分叉合併解碼:提升音視覺大型語言模型的多模態理解能力
Fork-Merge Decoding: Enhancing Multimodal Understanding in Audio-Visual Large Language Models
May 27, 2025
作者: Chaeyoung Jung, Youngjoon Jang, Jongmin Choi, Joon Son Chung
cs.AI
摘要
本研究旨在通过解决模态偏差问题,无需额外训练即可增强视听大语言模型(AV-LLMs)中的平衡多模态理解能力。在当前的AV-LLMs中,音频和视频特征通常在解码器中联合处理。尽管这一策略促进了统一的多模态理解,但也可能引入模态偏差,即模型由于训练信号的不平衡而过度依赖某一模态。为缓解此问题,我们提出了分叉-合并解码(Fork-Merge Decoding, FMD),一种简单而有效的推理时策略,无需额外训练或架构修改。FMD首先通过早期解码层处理仅音频和仅视频输入,进行模态特定推理(分叉阶段),随后将生成的隐藏状态合并,在剩余层中进行联合推理(合并阶段)。该方法促进了模态贡献的平衡,并利用了跨模态的互补信息。我们在两个代表性的AV-LLMs——VideoLLaMA2和video-SALMONN上,使用三个基准数据集评估了我们的方法。实验结果表明,在专注于音频、视频及联合视听推理的任务上,性能均得到了一致提升,证明了推理时干预对于稳健多模态理解的有效性。
English
The goal of this work is to enhance balanced multimodal understanding in
audio-visual large language models (AV-LLMs) by addressing modality bias
without requiring additional training.
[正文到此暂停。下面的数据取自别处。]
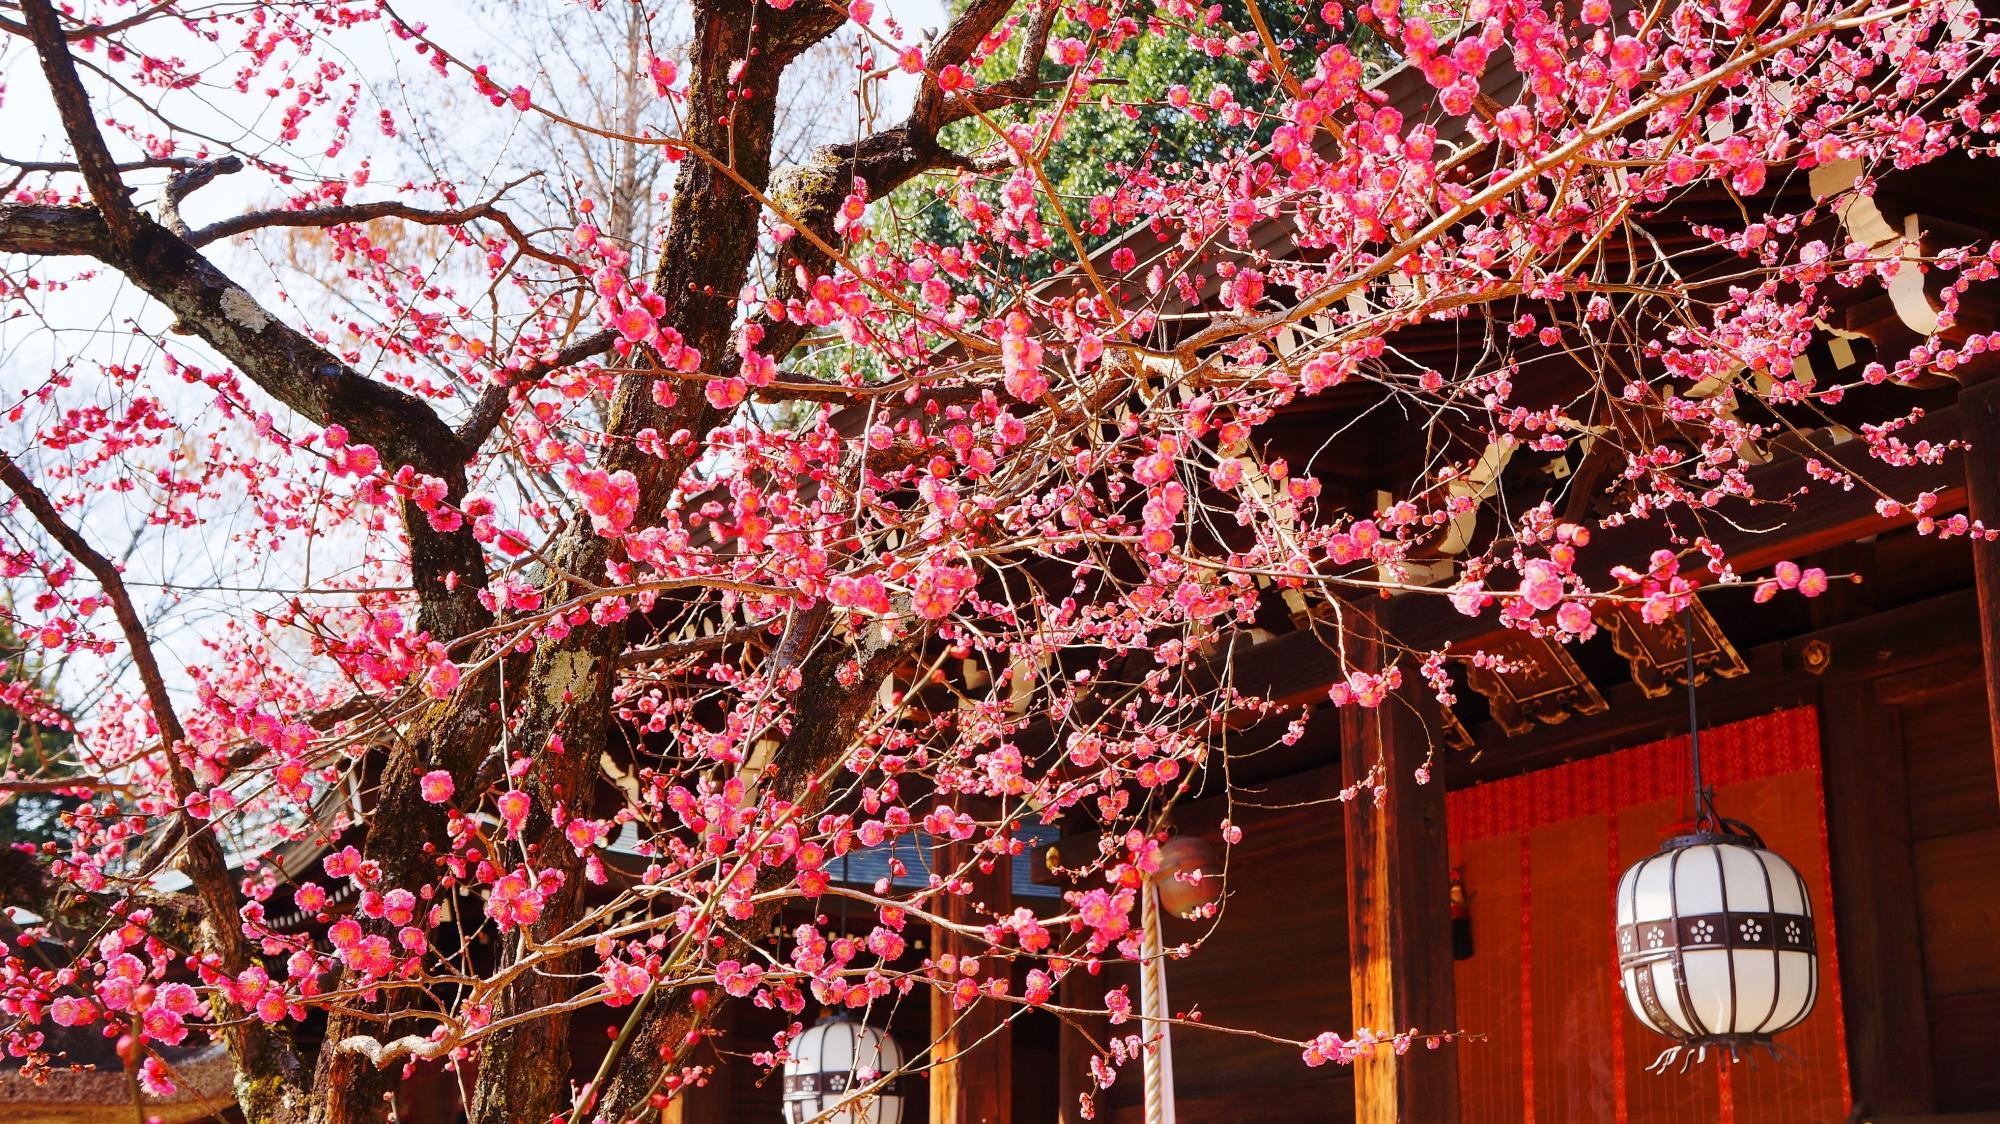 一夜松社を彩るピンクの華やかな梅の花
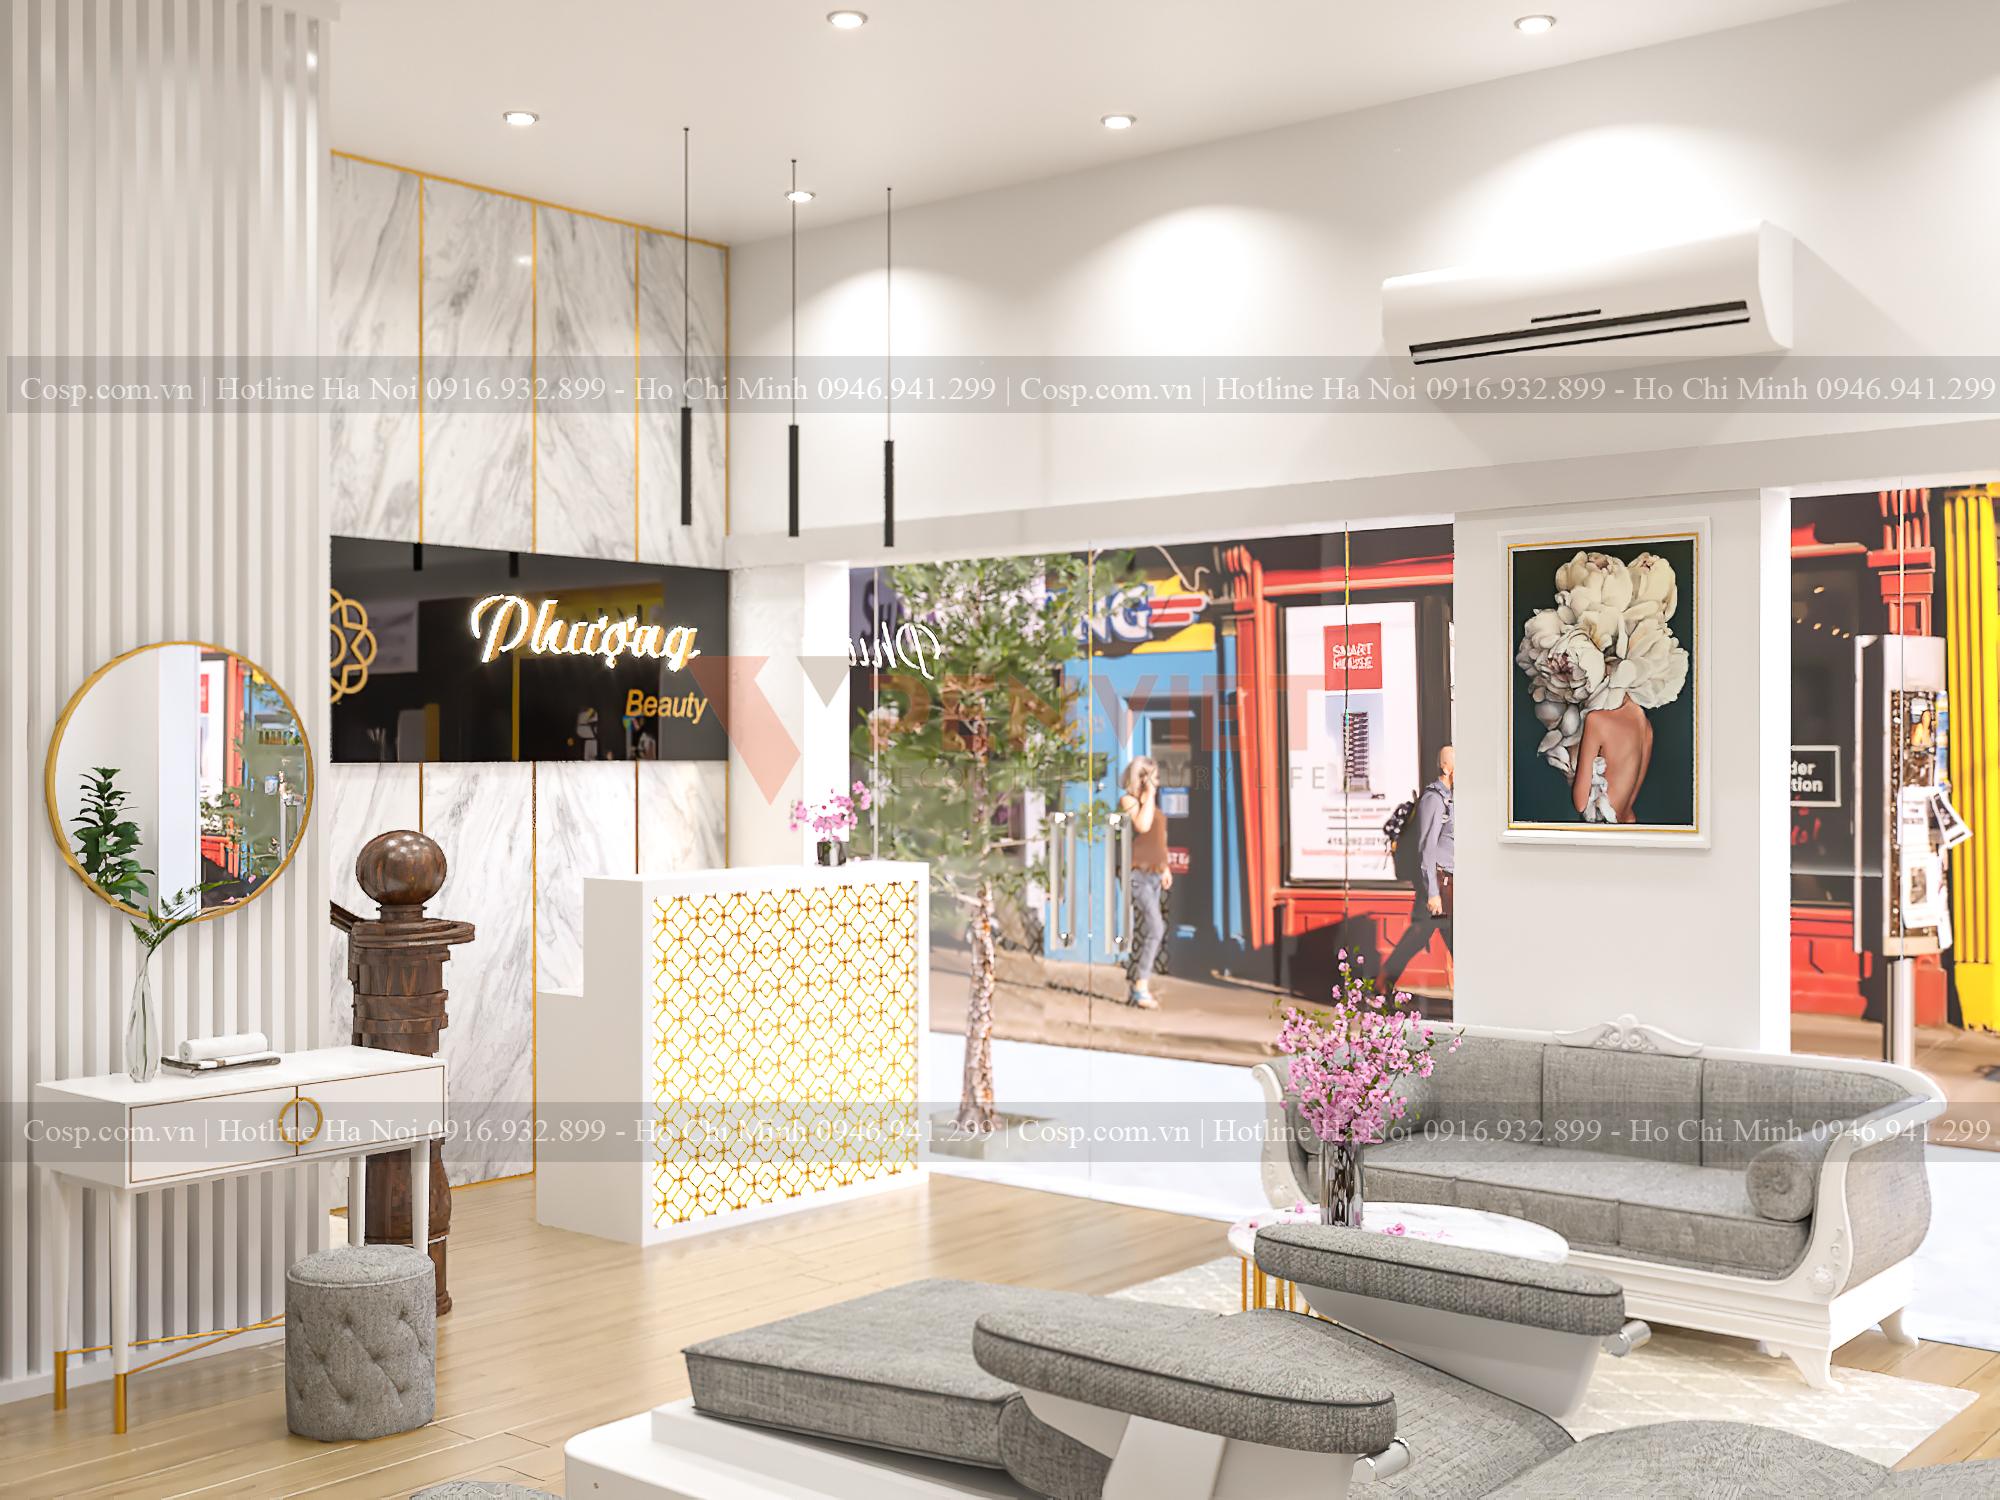 Thiết kế nội thất spa sang trọng mang đến sự đẳng cấp cho không gian

In current AV-LLMs, audio and video
features are typically processed jointly in the decoder. While this strategy
facilitates unified multimodal understanding, it may introduce modality bias,
where the model tends to over-rely on one modality due to imbalanced training
signals. To mitigate this, we propose Fork-Merge Decoding (FMD), a simple yet
effective inference-time strategy that requires no additional training or
architectural modifications. FMD first performs modality-specific reasoning by
processing audio-only and video-only inputs through the early decoder layers (a
fork phase), and then merges the resulting hidden states for joint reasoning in
the remaining layers (a merge phase). This approach promotes balanced modality
contributions and leverages complementary information across modalities. We
evaluate our method on two representative AV-LLMs, VideoLLaMA2 and
video-SALMONN, using three benchmark datasets. Experimental results demonstrate
consistent performance improvements on tasks focused on audio, video, and
combined audio-visual reasoning, demonstrating the effectiveness of
inference-time interventions for robust multimodal understanding.